I keep finding the same chess quotes on one website after another. I wonder if you would care to assist in the creation of a list of new chess quotes, based on passages that you have discovered in your books and which have never (to your knowledge) appeared on a web site. Please include the title of the book along with the quote, so that the rest of us have the option of reading the passage in context. Maybe we can create something for the ages! Just to start things off, I will provide the first two:
"The endeavour by the players, each to achieve control by means that vision reveals, is, in reality, a struggle by each mind against its own limitations. Always the Chess player is playing against himself. . . . The nature of the effort is most easily recognized when the mind fails to grasp the whole completely. Then we have error--the grasp of the insufficient--and because of the wealth of possibility in the matrix of the Chessboard, a degree of error is almost always manifesting itself, even in the play of the greatest masters. . . . even when seeing much, the master is endeavouring to see more" --Gerald Abrahams, "The Chess Mind," p. 22.
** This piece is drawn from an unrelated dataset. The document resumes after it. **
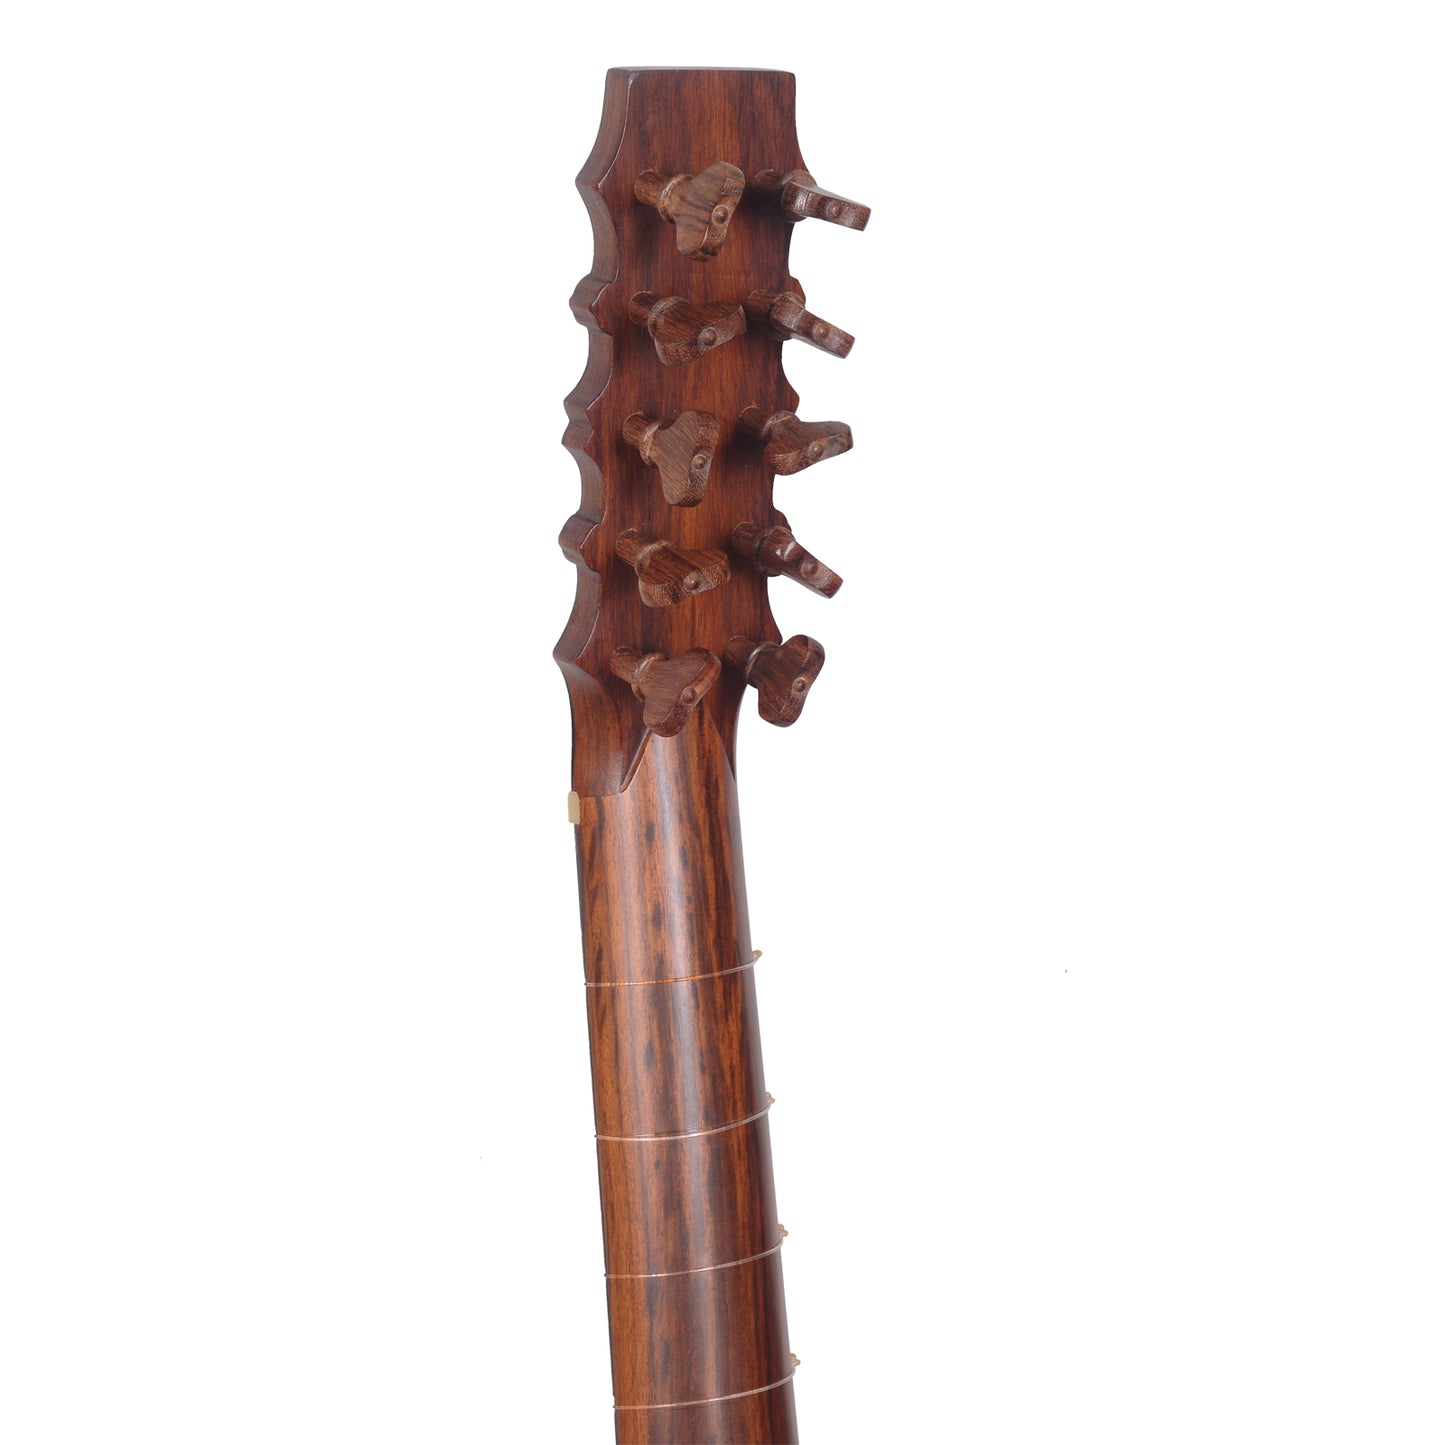 Heartland Sellas Baroque Guitar, 5 Course Left Hand Variegated Walnut Rosewood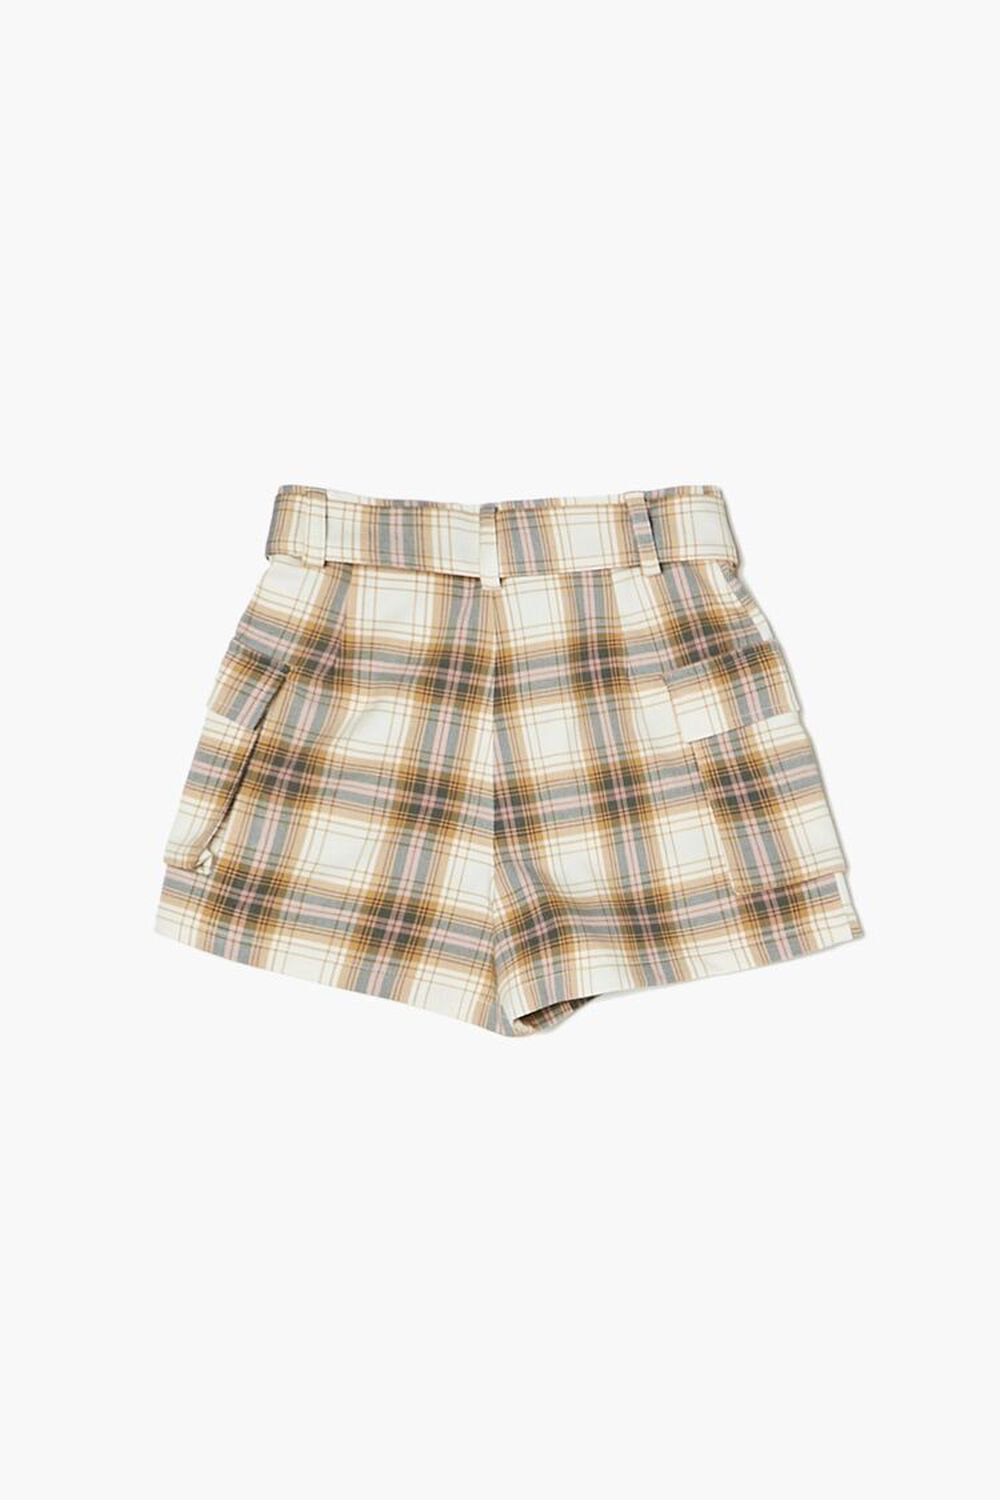 TAUPE/MULTI Girls Belted Plaid Shorts (Kids), image 2

"Whereas in the offensive on the Queen's side one must husband and save one's resources, when it comes to an attack on the King one should spare nothing. The objective in a Queen's wing-attack is to win material advantages; the aim in an attack on the King is to deliver checkmate. One can sacrifice all the pieces and still give checkmate with one solitary pawn."--Keres and Kotov, "The Art of the Middle Game," p. 31.
Originally posted by Dodger11'Antiquis temporibus, nati tibi similes in rupibus ventosissimis exponebantur ad necem' was what older chess players used to say to young upstarts.
Nooooooooo000000000!! Now I'm being stalked. As Capablanca once said to Alexander Alekhine: "dooOOO00D! Yuo are teh suuuuuuck at chest, Alekhine's Defense is teh retarted, w00t, w00t!!!"